Catalyse or sabotage?
Supporters of the British vote to leave the European Union (EU) have heralded recent economic indicators as vindication that Brexit will act to catalyse, not sabotage, the UK economy. Before June’s referendum, most economists warned that a Brexit vote would damage economic growth – an argument at the heart of the unsuccessful Remain campaign.
Only time will truly tell whether these fears will ultimately be manifested, but the signs so far are that fears of a full-blown crisis have abated – until now at least. The Prime Minister Theresa May has said she will trigger Article 50, which will begin the Brexit negotiations, before the end of March 2017. This withdrawal from the EU is the legal and political process whereby a member state of the EU exercises its right under the Treaty on European Union (TEU) to cease to be a member of the union.
The next part of the process should take no longer than two years, but the details have never been firmly established and are therefore still vague. While Article 50 is being implemented, the UK would still be bound by EU laws and in the free trade area of the EU ‘single market’, but with no involvement in internal EU discussions or decisions.
What’s fuelling the optimism?
Influential survey figures indicated a recovery in optimism among UK businesses and households. The monthly Purchasing Managers’ Index figures, which track sentiment to reflect the economic outlook, rebounded after abrupt falls in July immediately following the referendum.
Moreover, official numbers showed UK retail sales were 1.4% higher in July than in June, and orders for manufacturing exports reached a two-year high in August according to a regular survey by the Confederation of British Industry.
The London stock market has also performed strongly since the sharp fall in share prices that immediately followed the referendum result.
Indeed, the benchmark FTSE 100 Index of the largest UK-listed companies rose 6.4% from 23 June (the day of the vote) to the end of August. The FTSE 250 Index, arguably a better bellwether for the UK economy as it comprises more domestic-focused smaller companies, is also up 3% over the same period.
The stock market is not the economy
The outlook for UK-listed companies, as reflected in their share prices, should not necessarily be conflated with that of the British economy. Many international companies based in the UK stand to benefit from a weaker pound – which has fallen considerably against the US dollar and the euro since the Brexit vote – as overseas revenues will be worth more when converted into pounds.
A weaker pound is mixed news
While the fall in the pound’s value should promote exports by making British goods and services cheaper to buyers overseas, it also makes imports more expensive. As well as reducing the purchasing power of British consumers and businesses, more costly imports could push up inflation.

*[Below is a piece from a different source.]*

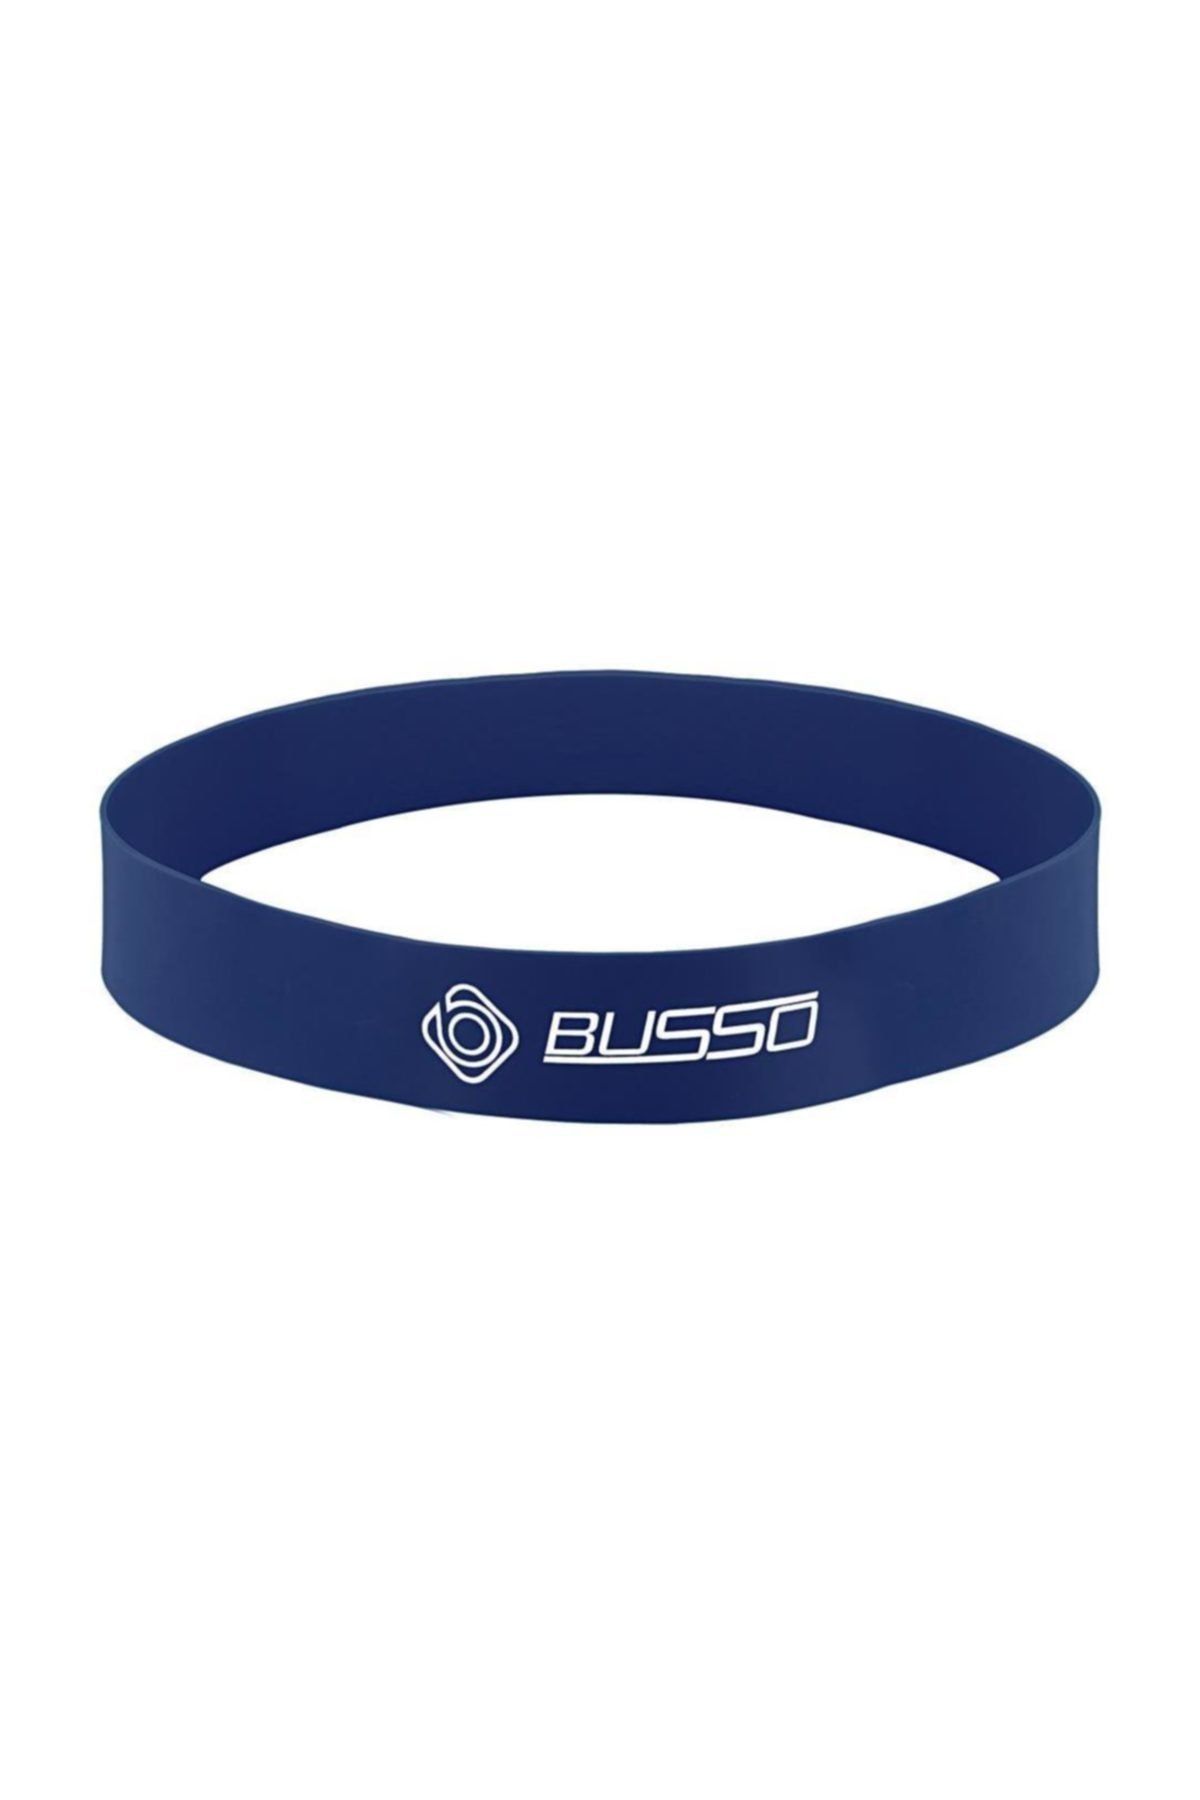 Busso Lab 30 Latex Aerobık Band ( 500*30*0,8mm) Mavi

The Bank of England’s active role
In August, the UK’s central bank cut interest rates (for the first time since 2009) to an all-time low of 0.25%. Lower interest rates can help the economy grow by making borrowing cheaper and so encouraging investment and expenditure. The Bank’s response to the Brexit vote, which also includes buying UK government and corporate bonds, was intended to prop up the economy during this period. The positive data may be largely attributable to its actions.